- **THE PROBLEM**: Reproduce the listing word for word, leaving every picture behind.

- **DATA BLOCK**:
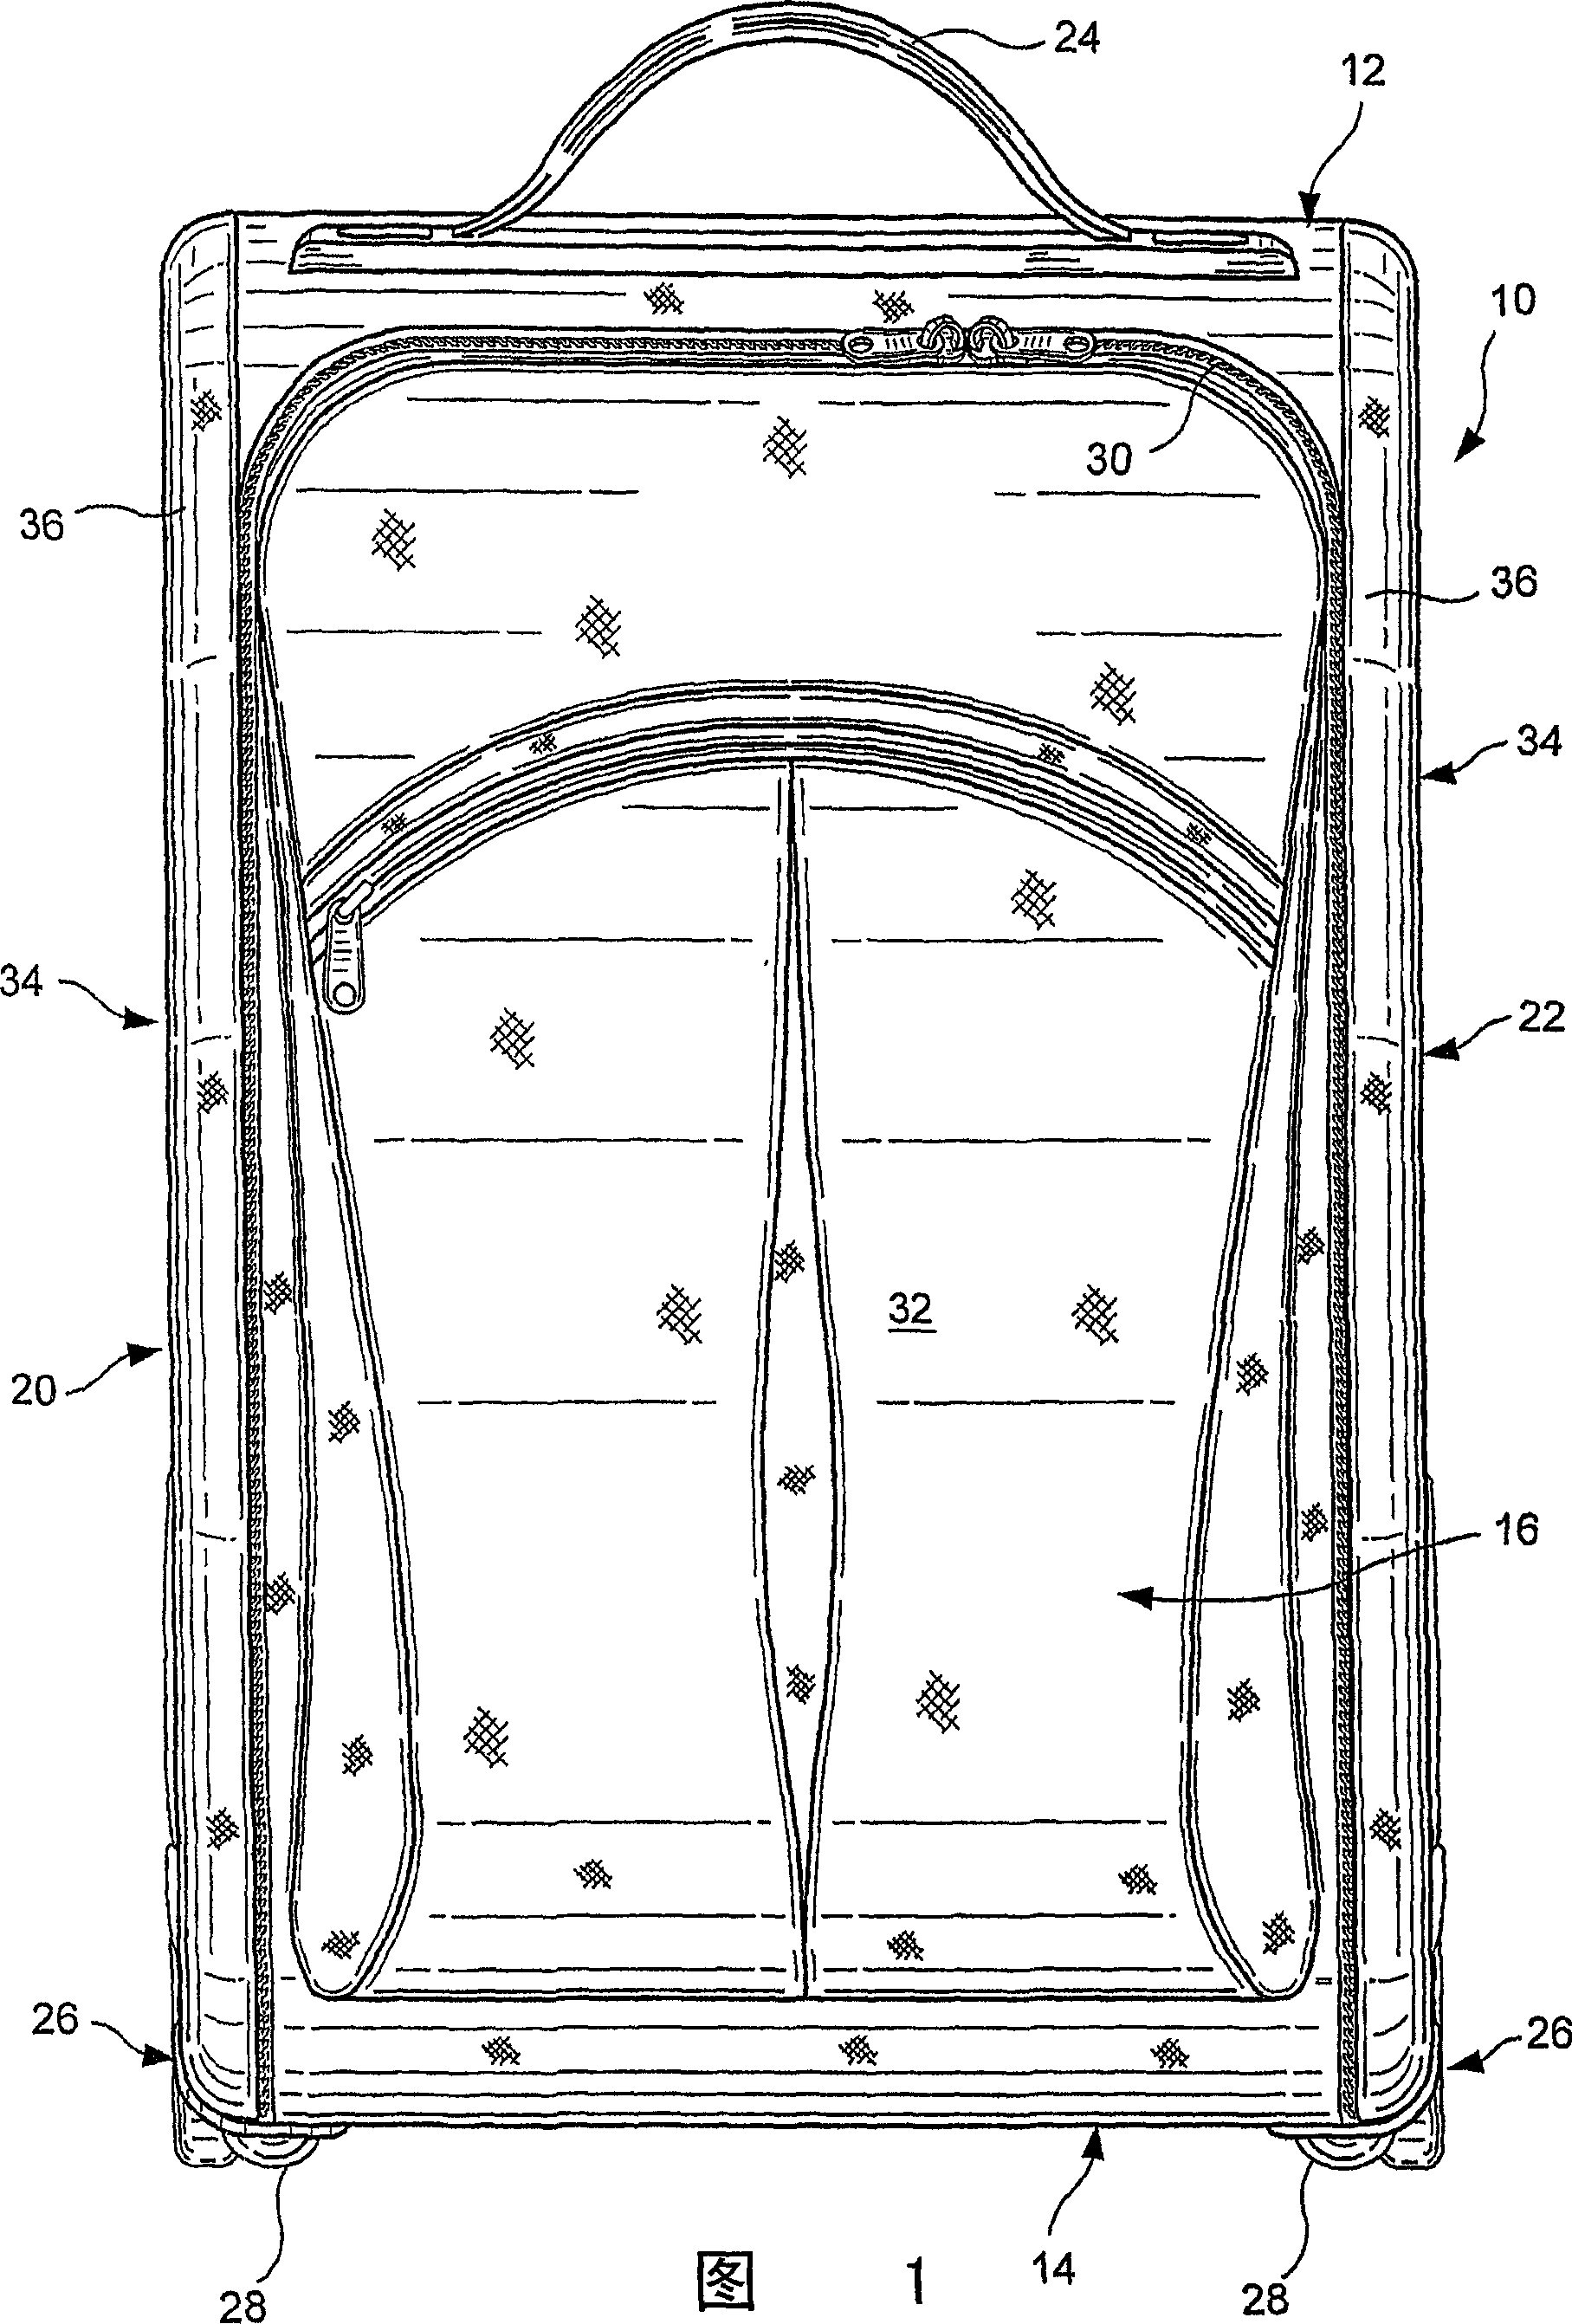 Gusset for a light-weight bag, a bag assembled therefrom, and methods for the manufacture and assembly thereof
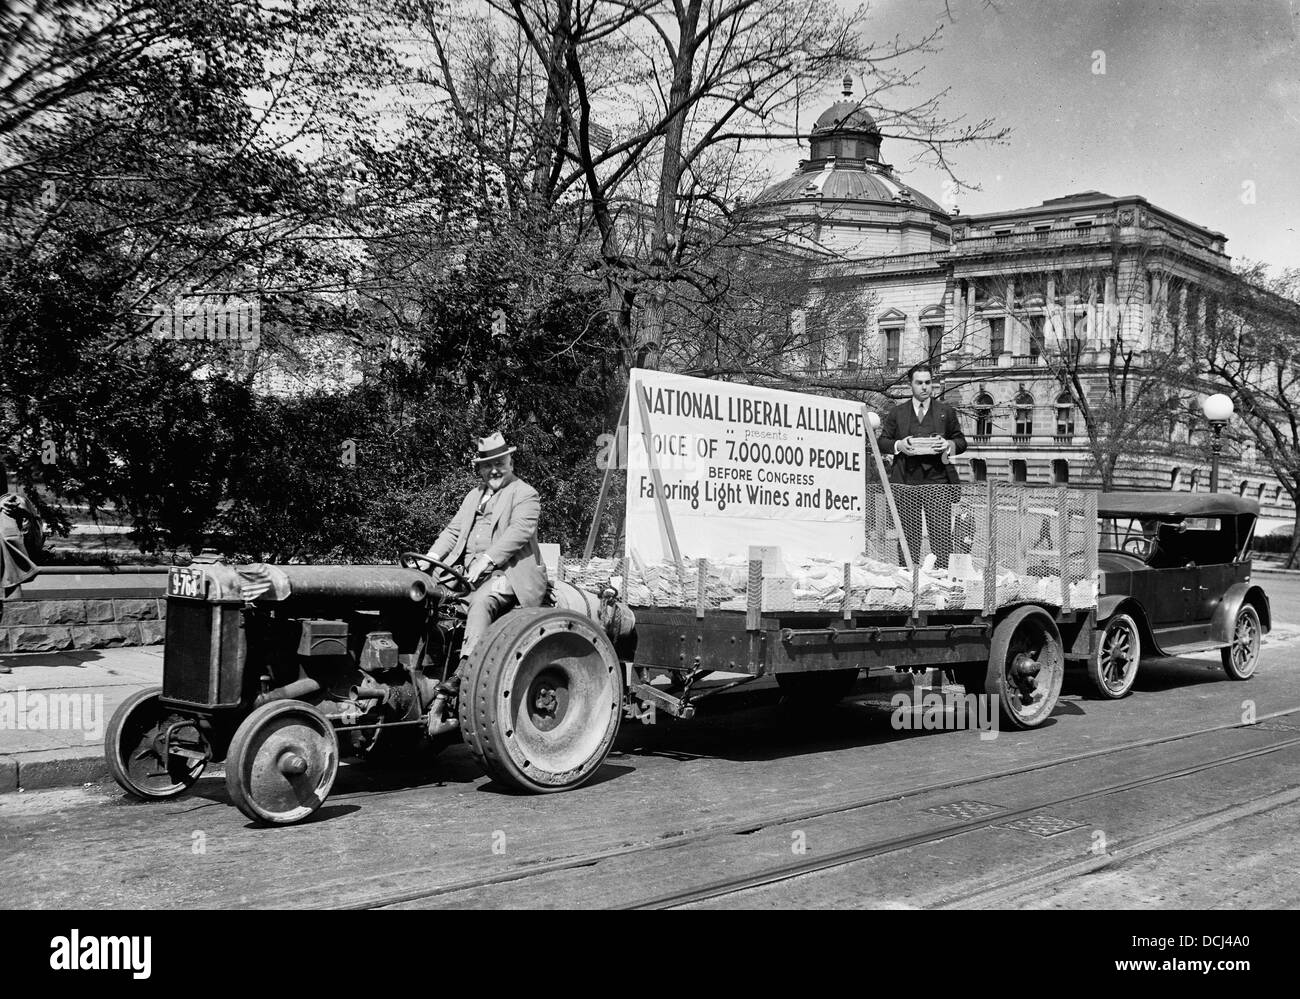 Tractor pulling trailer with sign: National Liberal Alliance presents Voice of 7,000,000 people before congress favoring light wines and beer. Library of Congress in background, Washington, D.C., circa 1925 Stock Photo
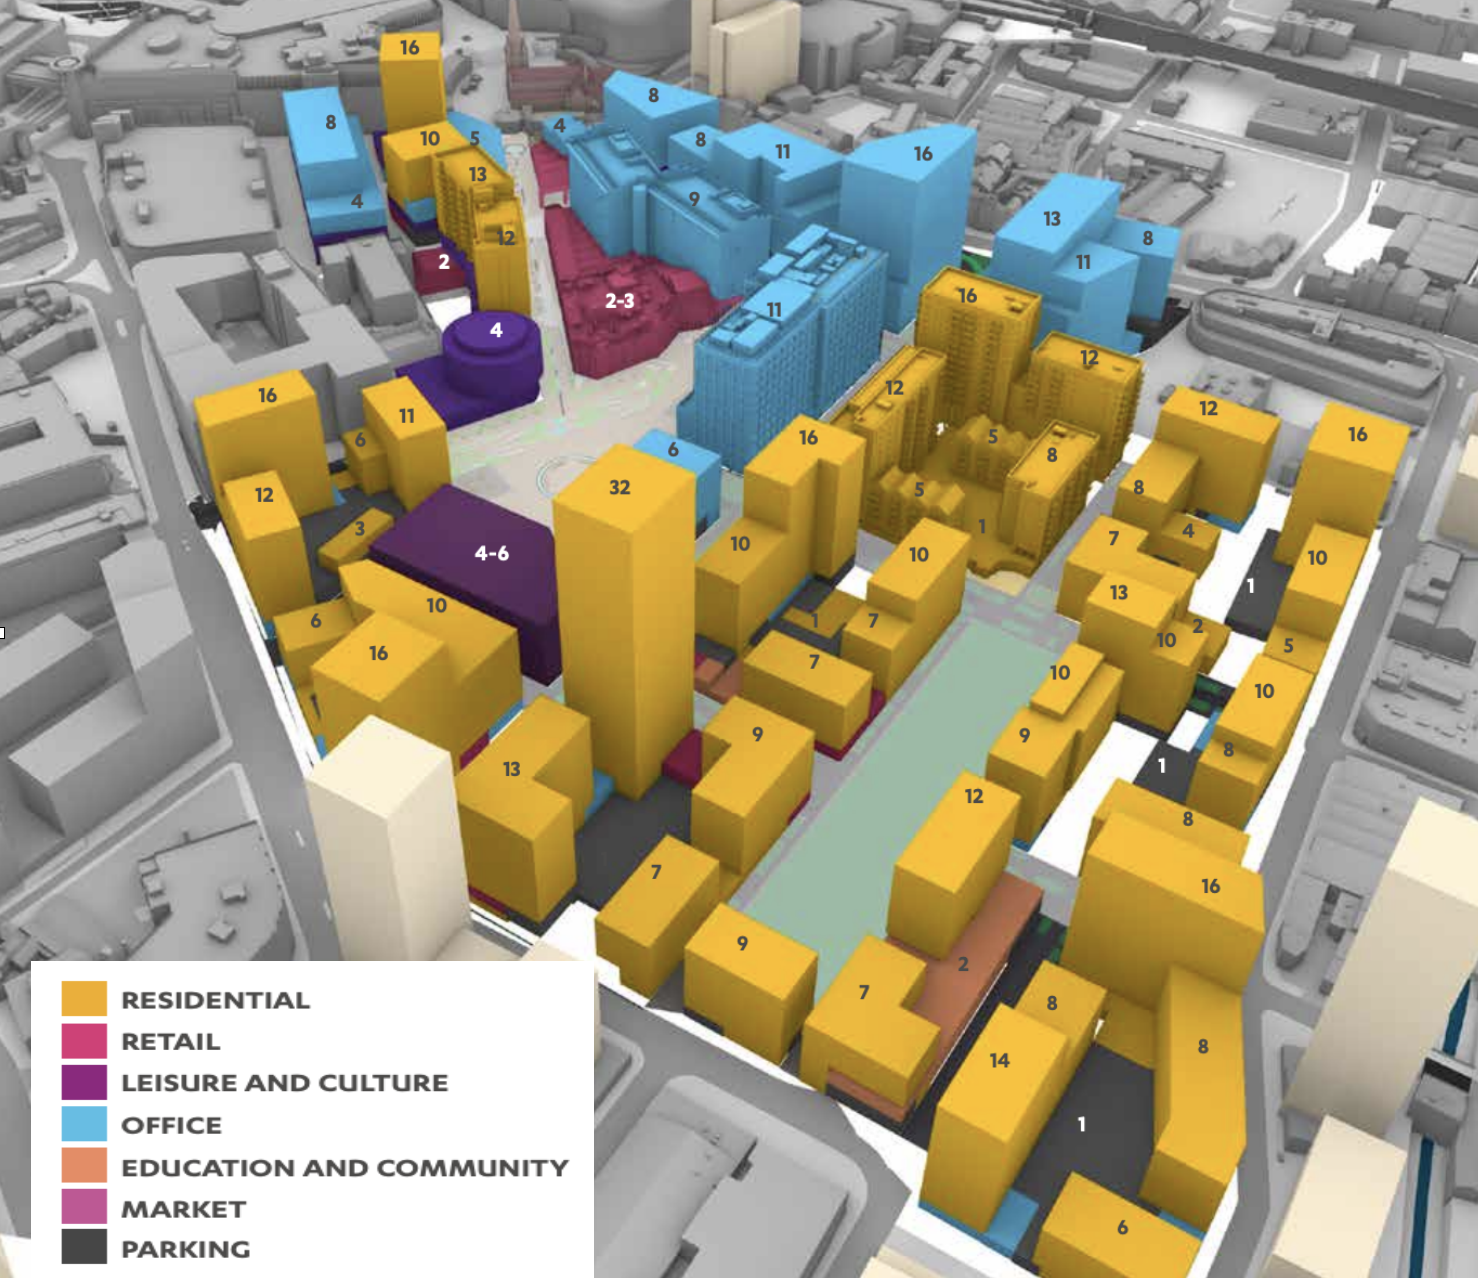 Plans for the Smithfield site between New Street Station and Digbeth - Birmingham office market Q1 2023

- **RESPONSE**:
 Gusset for a light-weight bag, a bag assembled therefrom, and methods for the manufacture and assembly thereof
 Tractor pulling trailer with sign: National Liberal Alliance presents Voice of 7,000,000 people before congress favoring light wines and beer. Library of Congress in background, Washington, D.C., circa 1925 Stock Photo
 Plans for the Smithfield site between New Street Station and Digbeth - Birmingham office market Q1 2023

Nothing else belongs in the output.